14 readability analysis tools besides Word, the 7 I chose to evaluate, and why.
Scoring for Word and the 7 selected tools on the 6 selected metrics. [YOU ARE HERE]
Post Contents:
Acronyms
GL = Grade Level
Readability Analysis tool names
CC = Character Calculator
DY = Datayze
GRAM = Grammarly
RF = Readability Formulas
TCR = TextCompare Readabilit (not a typo; it’s how they spell the product name)
WC = WordCalc
WFX = WebFX Read-Able
WORD = Microsoft Word
Readability metric names
ARI = Automated Readability Index GL
FRE = Flesch Reading Ease score
FKGL = Flesch-Kincaid GL
FOG = Gunning Fog Index GL
FOR = FORCAST GL
LW= Linsear Write GL
SMOG = Simple Measure of Gobbledygook Index GL
Data Cleaning and Preparation
To calculate the readability statistics and counts in Word and the other 7 tools, I used plain text files with emojis, no hashtags, and no endnotes or LinkedIn URLs. This section explains why. (If you’re more interested in the results, this link will take you to the next section.)
Word’s handling of rich text. Since I already measured 66+ of my posts with MS Word, I want to use its counting and scoring as a ‘baseline’ for comparing to the other 7 tools. I had discovered earlier that MS Word did not correctly count with rich text and hyperlinks. For the evaluation baseline, I trimmed off titles and created plain-text DOCX versions of the 5 posts.
Other tools’ handling of rich text. I did some tests on each of the tools, pasting rich text into their browser windows. Looking at the processed text showed that line breaks were all messed up. Then I created TXT files with true plain text. When I pasted from the TXT file into the tools, the line break issues were reduced.
Maximum post length. I truncated the Case 5 file to 3464 words - the last whole sentence under RF’s 3500-word limit. (I already verified that all other candidate tools can handle the full 4600+ word post.)
URLs significantly skew the metrics. To keep URLs from confounding this evaluation, I lopped off the footnotes section in the Substack articles and manually removed the URLs from the LinkedIn post texts.
I did not remove the footnote references. That would have meant some tedious editing; some of my articles have 45 footnotes. These numbers did cause problems for some of the tools, creating some overly long sentences.
Non-letters. Some of my posts include emojis, and my LinkedIn posts typically include hashtags. I decided to leave in the emoji characters that survived the plain text conversion, for now. It’s rare for me to use more than 10, so emojis should be “in the noise”. I’ll look into their impact later if needed. I removed hashtags from the LinkedIn posts, though.
For the 7 tools I evaluated, in my first tests I pasted the rich text into the editors. Then I repeated the tests using the equivalent TXT versions of the posts. This confirmed that some tools handle TXT file input differently than a “plain text” DOCX file.

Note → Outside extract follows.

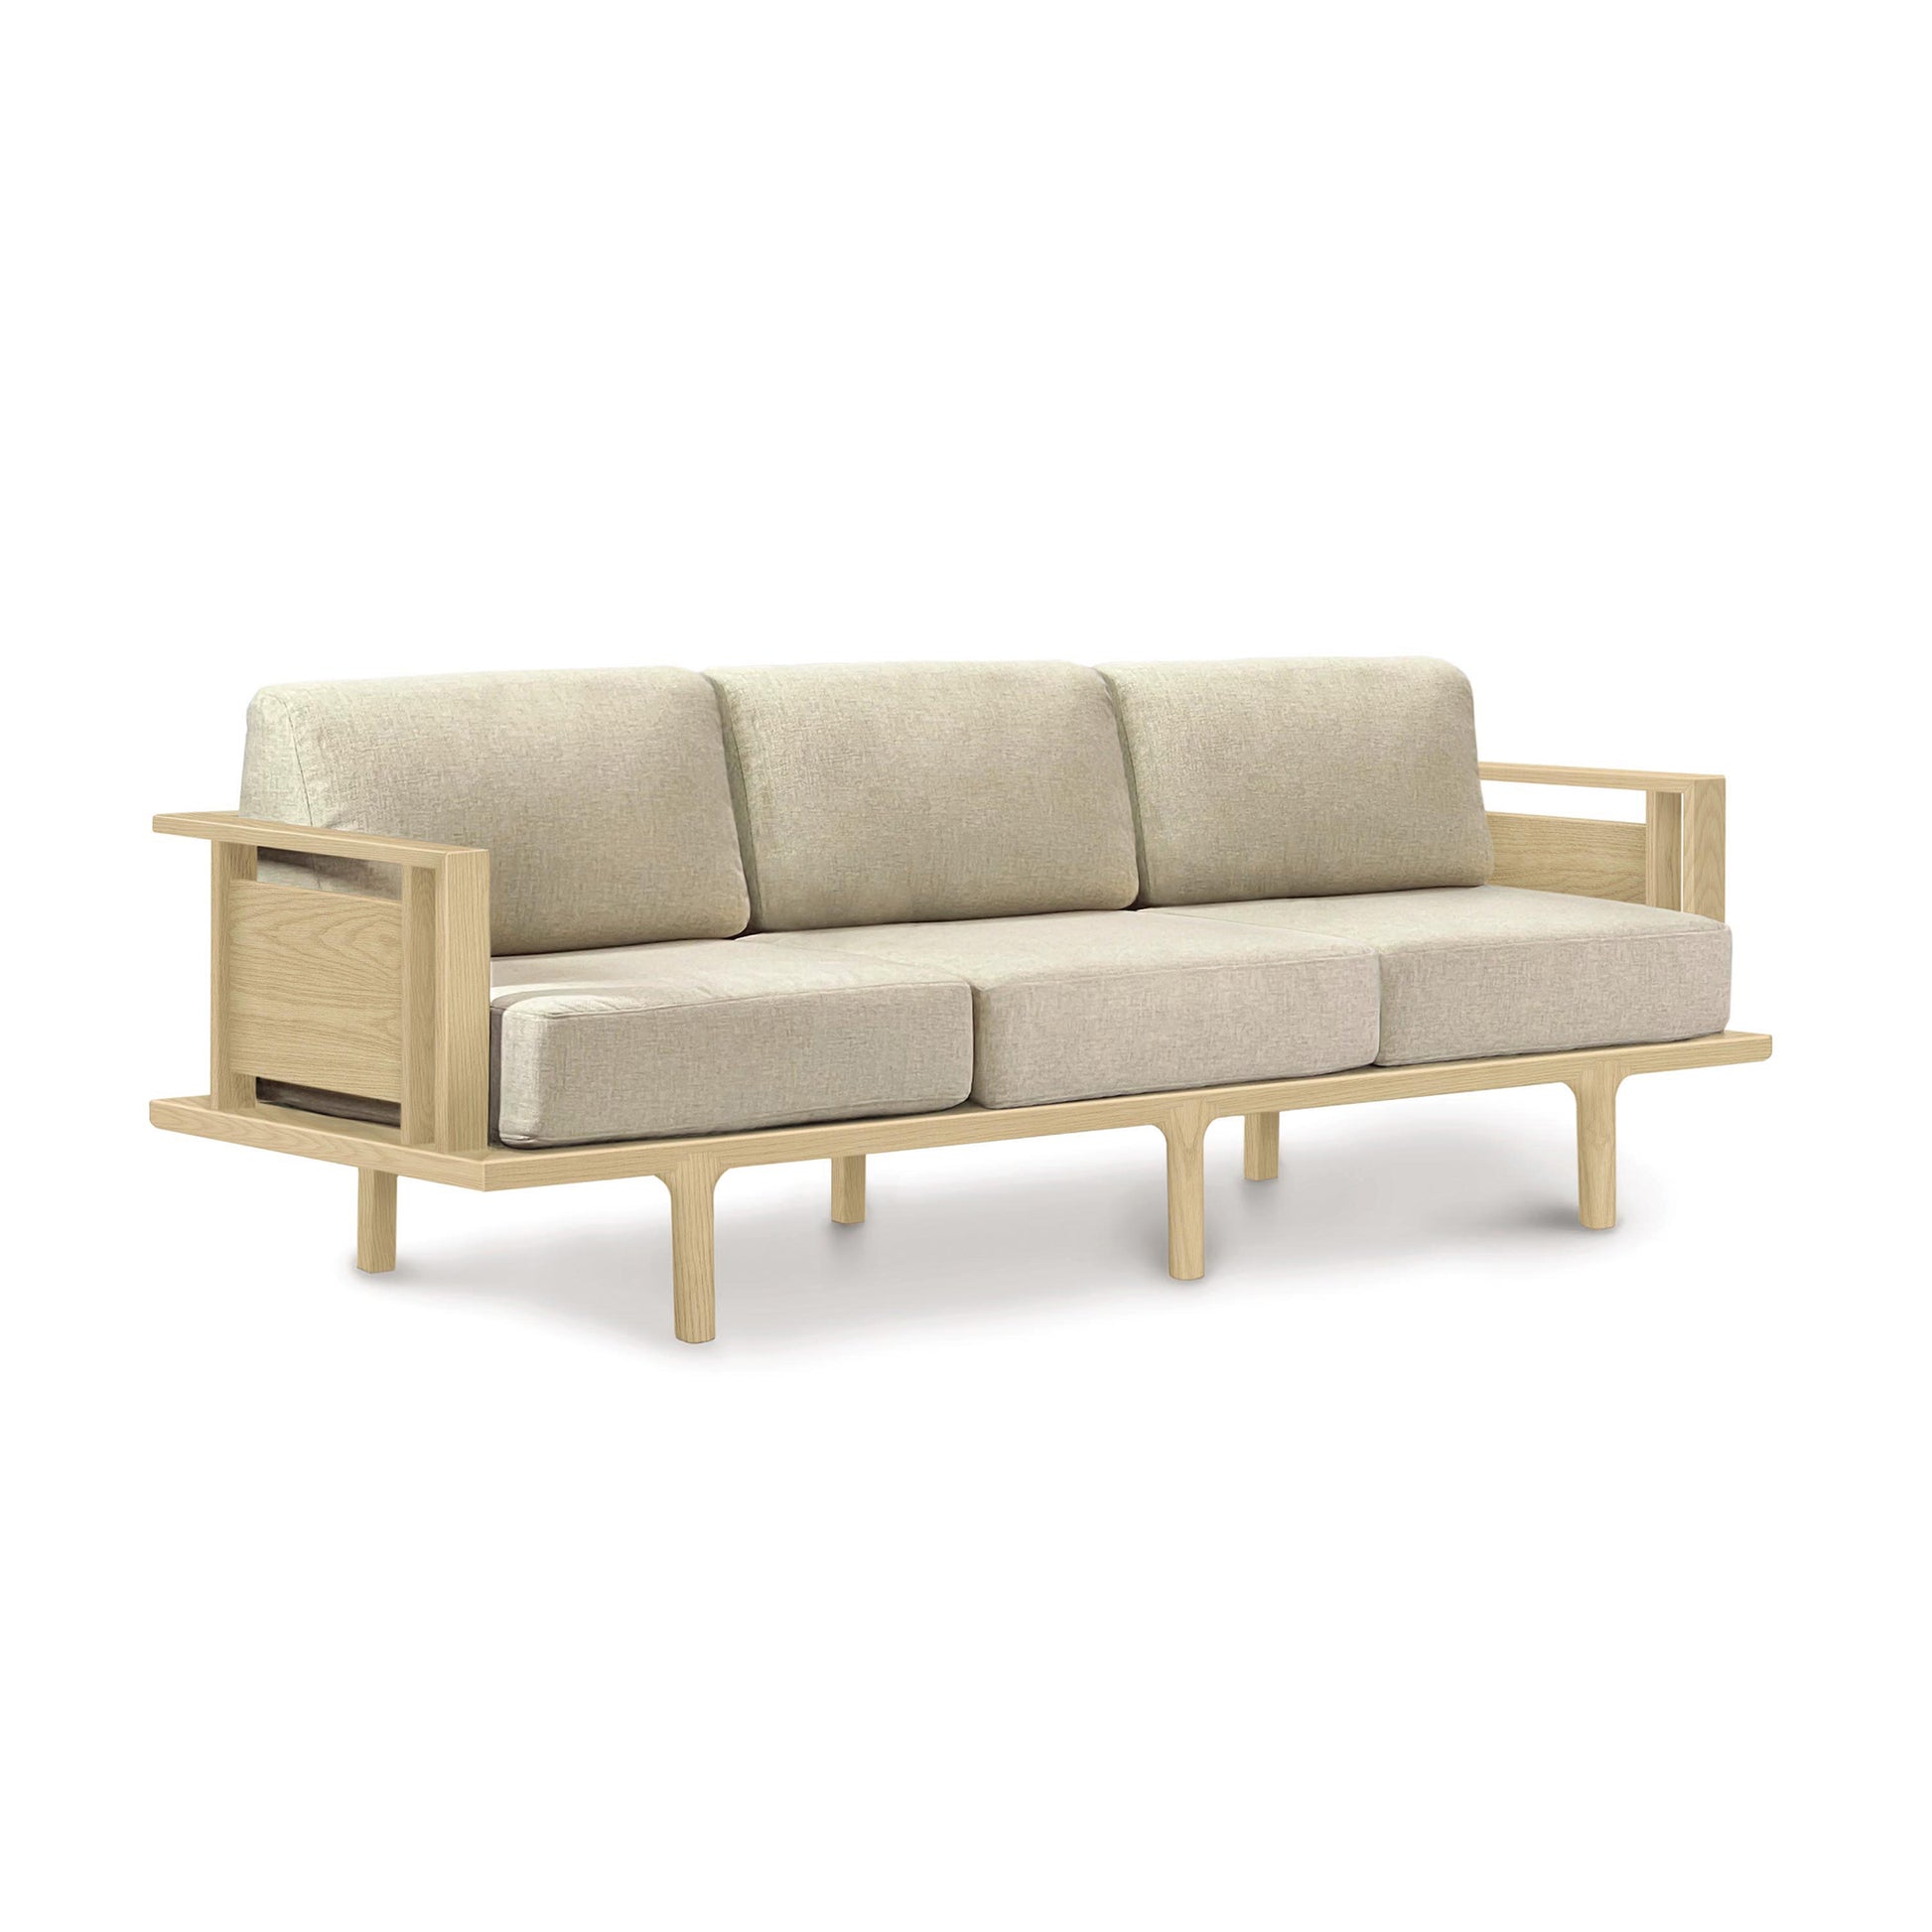 A Copeland Furniture Sierra Oak upholstered sofa with beige cushions.

(Why did I do it both ways? To see if the input format affected the counts and metrics. I would love to be able to skip the extra step of creating a DOCX or TXT file to upload for scoring.)

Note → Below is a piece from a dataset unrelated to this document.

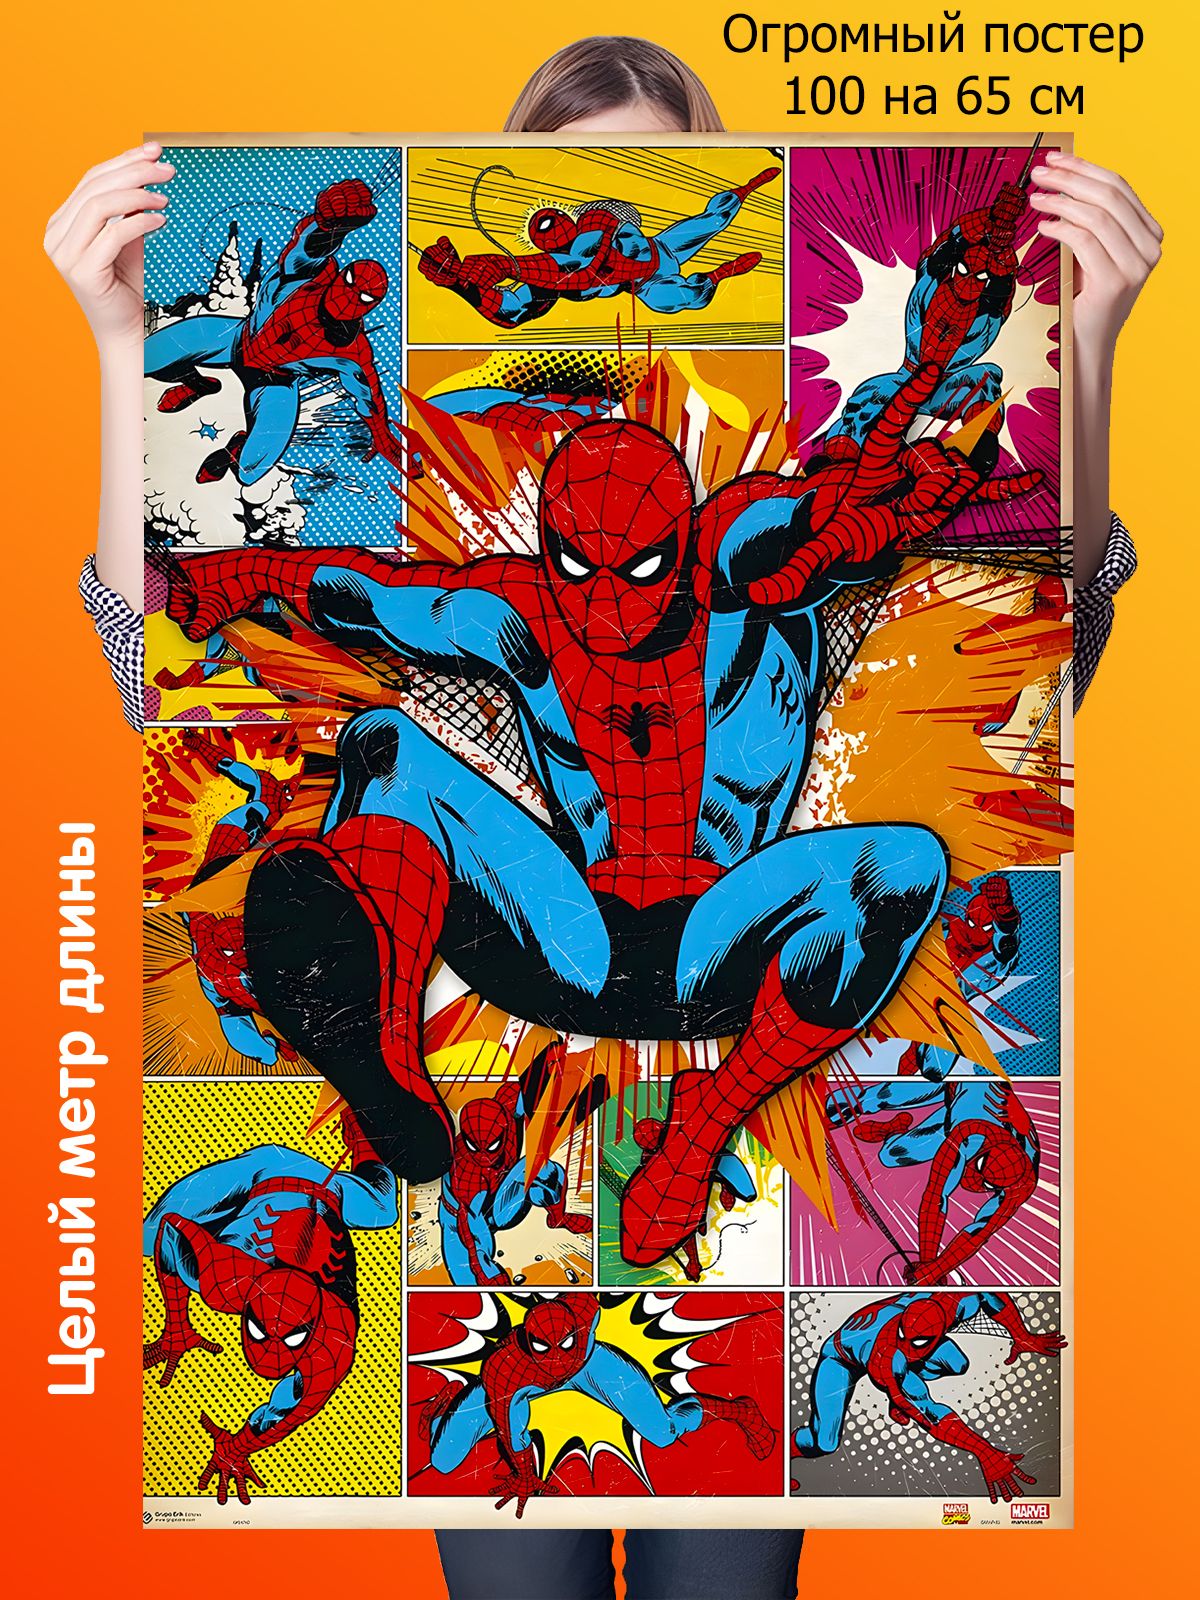 Спайдер комикс. Комиксы Марвел Spider man. Человек паук Постер комикс. Марвел человек паук. Постер Марвел человек паук.

Note: No current tools appear to consider the readability impact (good or bad) of images, tables, graphs, formatting, or headings in a post. In plain text, the section headings I use look like unpunctuated sentences.
Evaluation Details and Analysis of Results
A rigorous study would require much more data than 5 example posts. However, none of these tools appear to offer APIs that could reduce the manual labor of analyzing the posts. And I don’t need academic rigor. I’m looking for useful insights that I can get with minimal work and cost. So my tool choice doesn’t have to be perfect.
Choosing a readability tool is a “two-way door”. If I change my mind later, I’ll have rework to re-score my writings to date, but nothing is lost except my time.
I could have just flipped a coin, or picked one to try. I’m doing this data analysis because I can, and I enjoy it. And it’s a good way to build my new Datawrapper muscles, as well as my knowledge about what makes writing readable. 😊
Common Patterns Across 5 Cases
I naively hoped that the tools would produce extremely similar results, so that I could choose my new tool based on factors like ease of use. Reality laughed at me.
Most tools did not handle rich text well. Variations in base counts were significantly reduced, but not eliminated, by using TXT inputs.
Across all 5 cases, here are seven patterns that persisted even after switching to TXT inputs.
1. Tools count Sentences and Lines differently.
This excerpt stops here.